Problem related to work Confused between two answers.

[mike-d]

Homework Statement

How much work must you perform to lift a 5 kg bag from the floor to the countertop, 1 meter above the floor?

2. The attempt at a solution

A. You could say that any force greater than the weight of the bag would lift it up. Thus, the weight is 50 N and the force should at least 50 N and above.

since W= F * d * cos(theta)
W = 50 * 1 * cos0 = 50 Joules

B. My classmates insist that this is the correct way. The net work is equal to the change in potential energy, and the total work includes: Work done by weight, and work done by the force...

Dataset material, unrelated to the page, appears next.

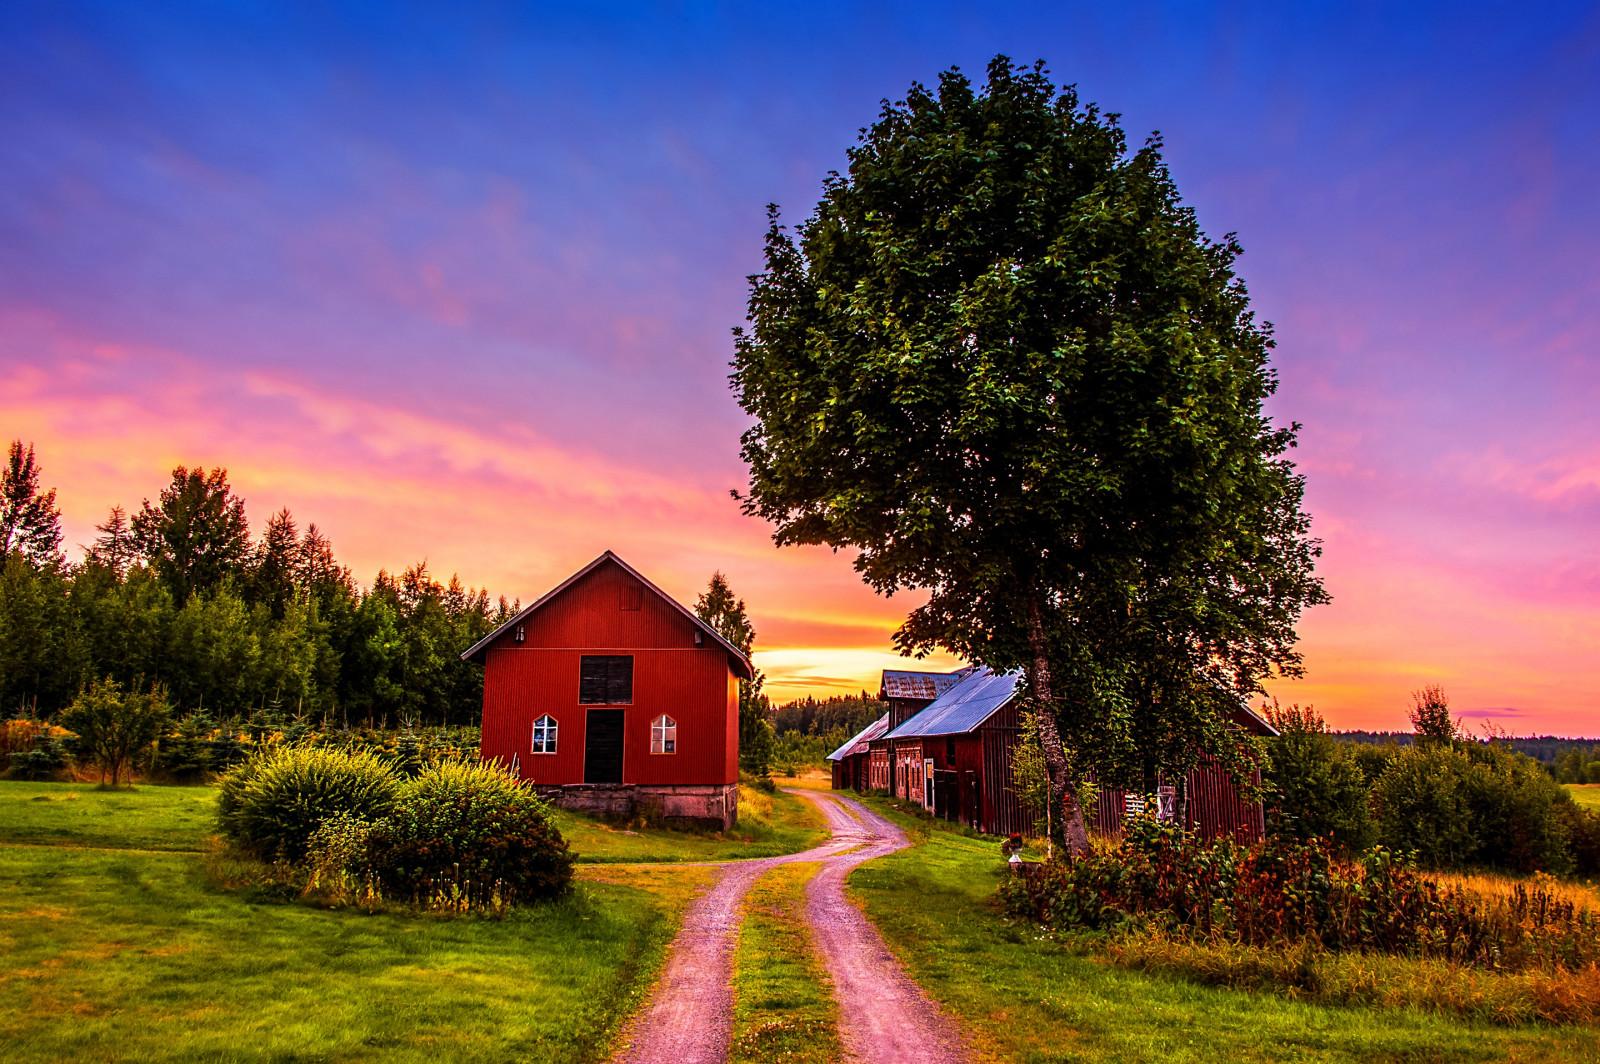 Картинки дом на природе с солнцем, сторона

Work of weight = 50 * 1 * cos180 = -50 Joules
deltaPotential energy = PE2 -PE1 = 50 - 0 = 50 Joules

W(total) = W(weight) + W(force) = deltaPE
-50 + W(force) = 50 joules ==> W(force) = 100 Joules


Can anyone tell me which answer is the correct one? It seems to me that the second answer would be correct if you pulled the bag up suddenly and let it go and it would then stop mid-air at 1 meter. Can anyone verify this? Thanks in advance :)

 

[PhanthomJay]

Your answer is correct. If you are looking for total or net work, that's the change in KE (which is zero). But if you are looking for work done by you, which the question asks, that's the change in PE plus the change in KE which is 50 +0 = +50 J. If you are looking for the work done by the weight, that is the negative of the potential energy change, or -50 J.

 

[mike-d]

Your answer is correct. If you are looking for total or net work, that's the change in KE (which is zero). But if you are looking for work done by you, which the question asks, that's the change in PE plus the change in KE which is 50 +0 = +50 J. If you are looking for the work done by the weight, that is the negative of the potential energy change, or -50 J.

Thanks for the reply :D

However I am confused as to why total work equals to the change in KE...

I would really appreciate it if you could explain it.

 

[tal444]

This involves a lot of formula manipulation...
We know that W = Fd and F = ma.
∴ W = mad

Solving for a from v₂² = v₁² + 2ad gives us
a = (v₂² - v₁²)/2d

plugging that back into W = mad gives us
W = m[(v₂² - v₁²)/2d]d
= \frac{1}{2}m(v₂² - v₁²)
= \frac{1}{2}mv₂² - \frac{1}{2}mv₁²

Notice anything familiar? \frac{1}{2}mv² is our generic equation for KE.
\frac{1}{2}mv₂² - \frac{1}{2}mv₁² gives us ΔKE.

∴ W = ΔKE